Planting the Radishes

The first thing you need to do is firm the first several inches of soil down with your hands. Your soil should be pretty loose and you don't want the seeds to accidently fall too deeply into the soil when watered or rained upon. Take your hands a gently tap a round mound down the length of the row. You only want to firm up the soil on the top of the row. Don't over pack it. Gently pressing will work perfectly. Now the base of the soil is firm enough to plant. The raised mounds also warm faster. This will help your seeds germinate more quickly in the early spring.
To plant the radishes you are going to make two rows of holes, with your fingers, down the middle of the trench. The rows should be 4-6 inches apart. Each row should be slightly to the left or right of the apex of the mound. The best way to plant is to start both rows at the same time. Poke your finger about 1/2 an inch into the soil to start the two rows. There should be a 4 to 6 inch space between the rows. Now build the two rows down the length of the trench. Each hole should be space 2-3 inches from the previous hole along a row. It can sound confusing. Each hole, in the same row, is spaced 2 -3 inches apart.  The matching hole from each row should be spaced 4-6 inches apart. This spacing creates plenty of growing room for your radish seed.

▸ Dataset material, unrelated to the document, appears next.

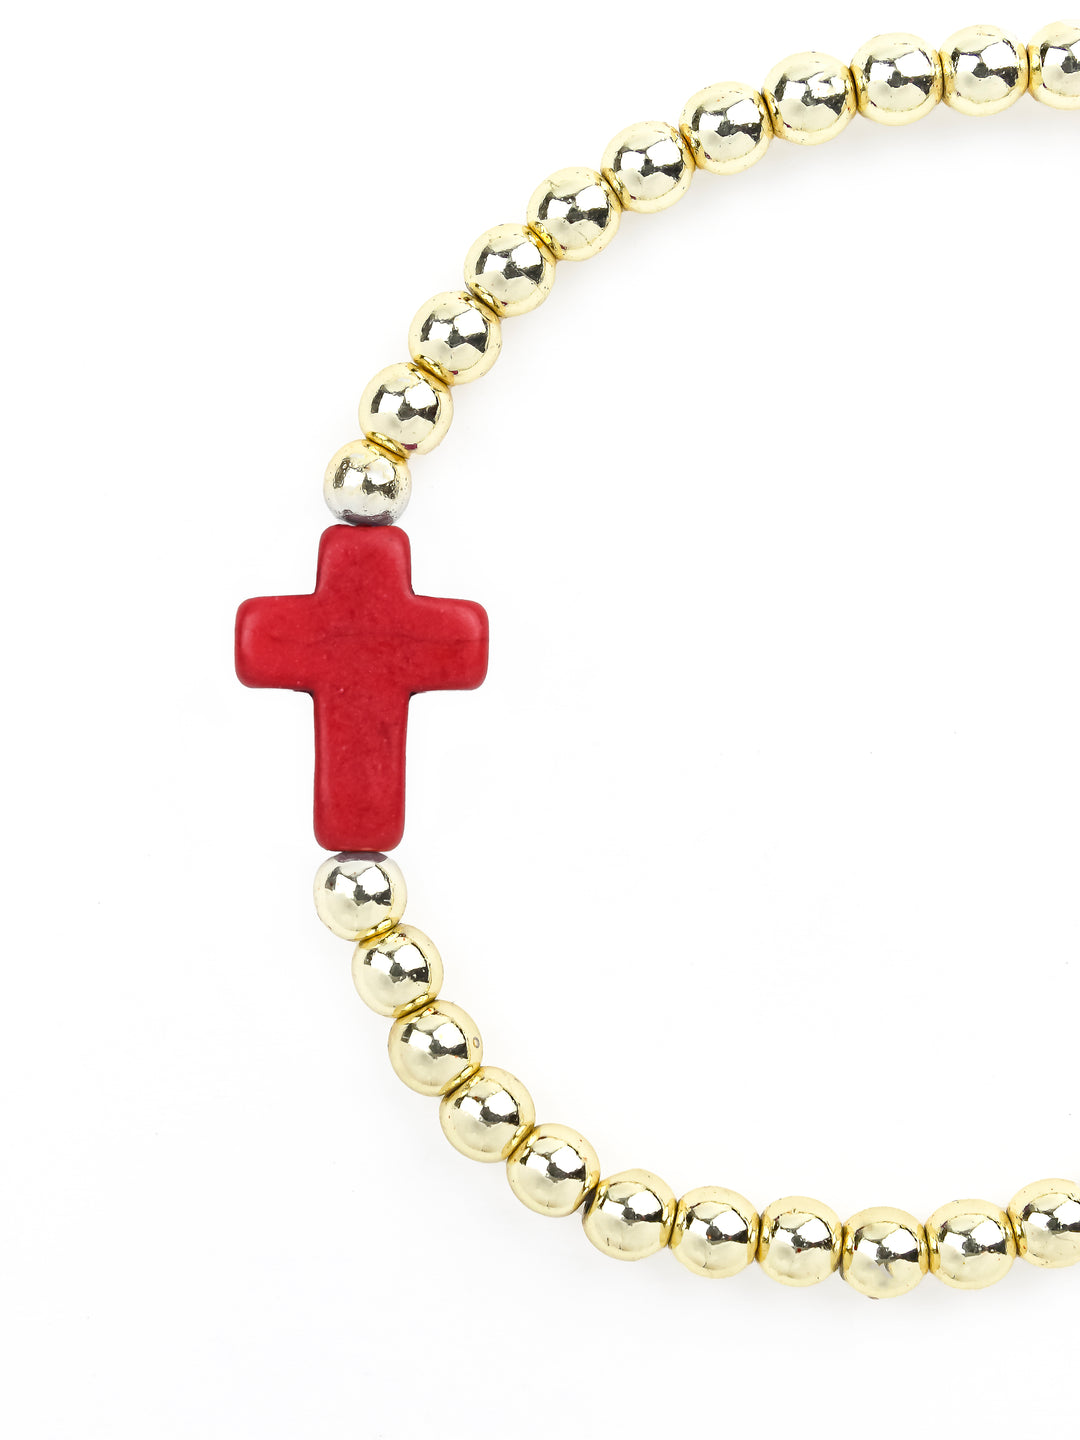 Cross Bracelet Gold/Red Teen- Designed to Fit Wrists Up to 6.5

Drop 1 seed into each hole and cover with the following mixture. In a bucket mix 2 handful of sand, 1 handful of manure and 1 handful of peat moss. Fill each hole with this mixture. Water the mound with a light spray and soak it thoroughly. Makes sure the seed bed stays moist. The organic matter you added will help the mound stay evenly moist through the germination period. After the seeds have germinated and formed a true leaf, replant any holes that did not germinate a seed.

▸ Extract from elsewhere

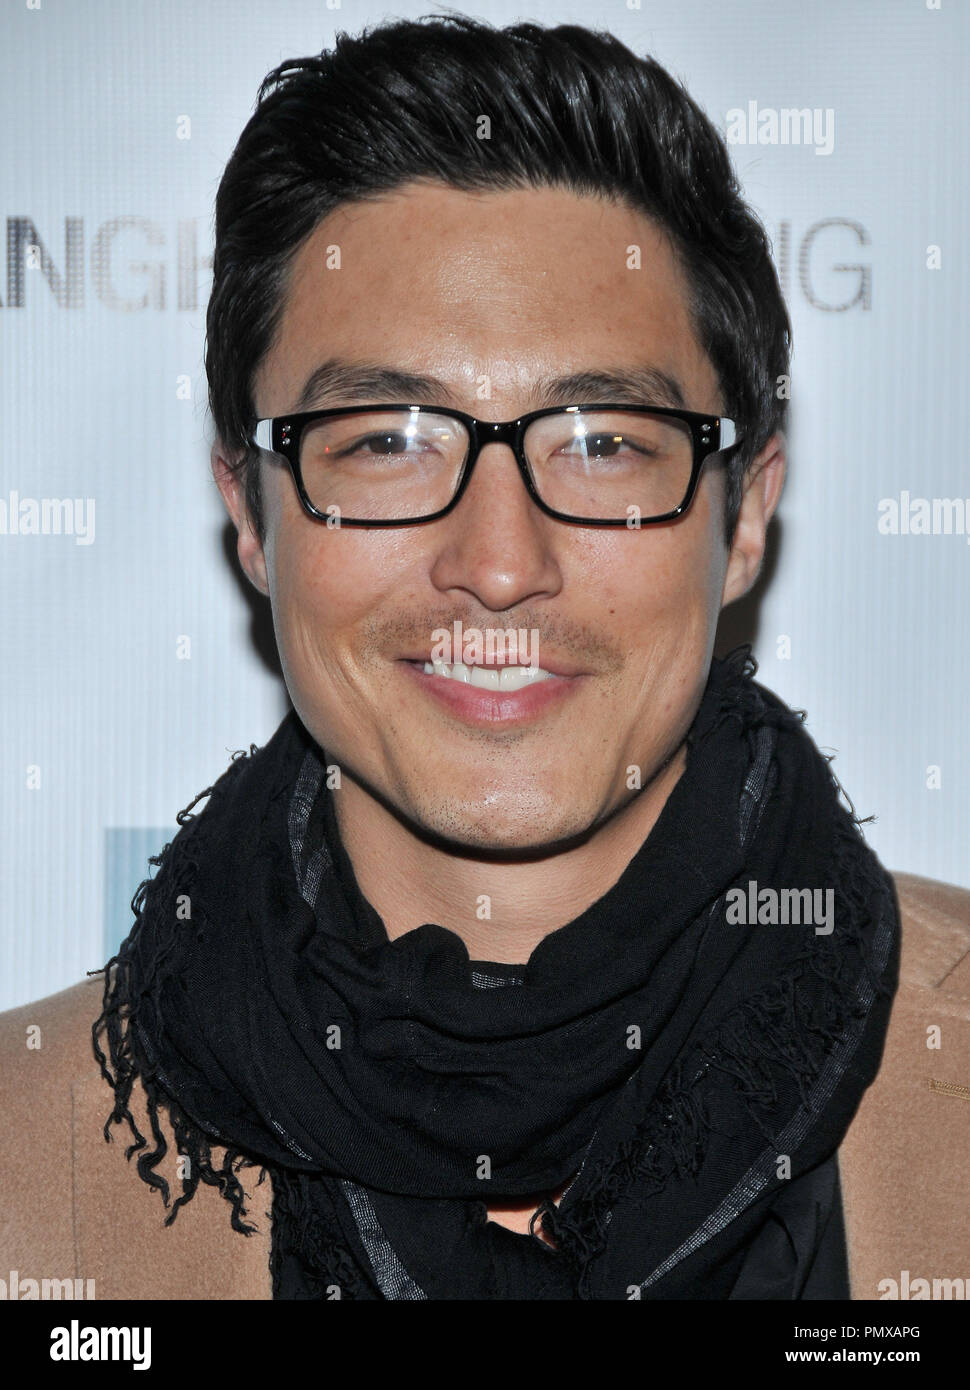 Daniel Henney at the 'Shanghai Calling' Los Angeles Premiere held at the TCL Chinese Theatre in Hollywood, CA.The event took place on Monday, Febuary 12, 2013. PRPP / PictureLux Stock Photo

Rotate Your Radish Plantings:

Radishes mature between 20 and 35 days. You want to plan your seed planting so you don't end up with 500 radishes maturing at the same time.  Check out your seed packets and see what the maturity date is for that variety of radish and plan accordingly. The Spring radish season easily allows for 2 or 3 plantings of each variety before the heat of the Spring and Summer sets in. Enjoy!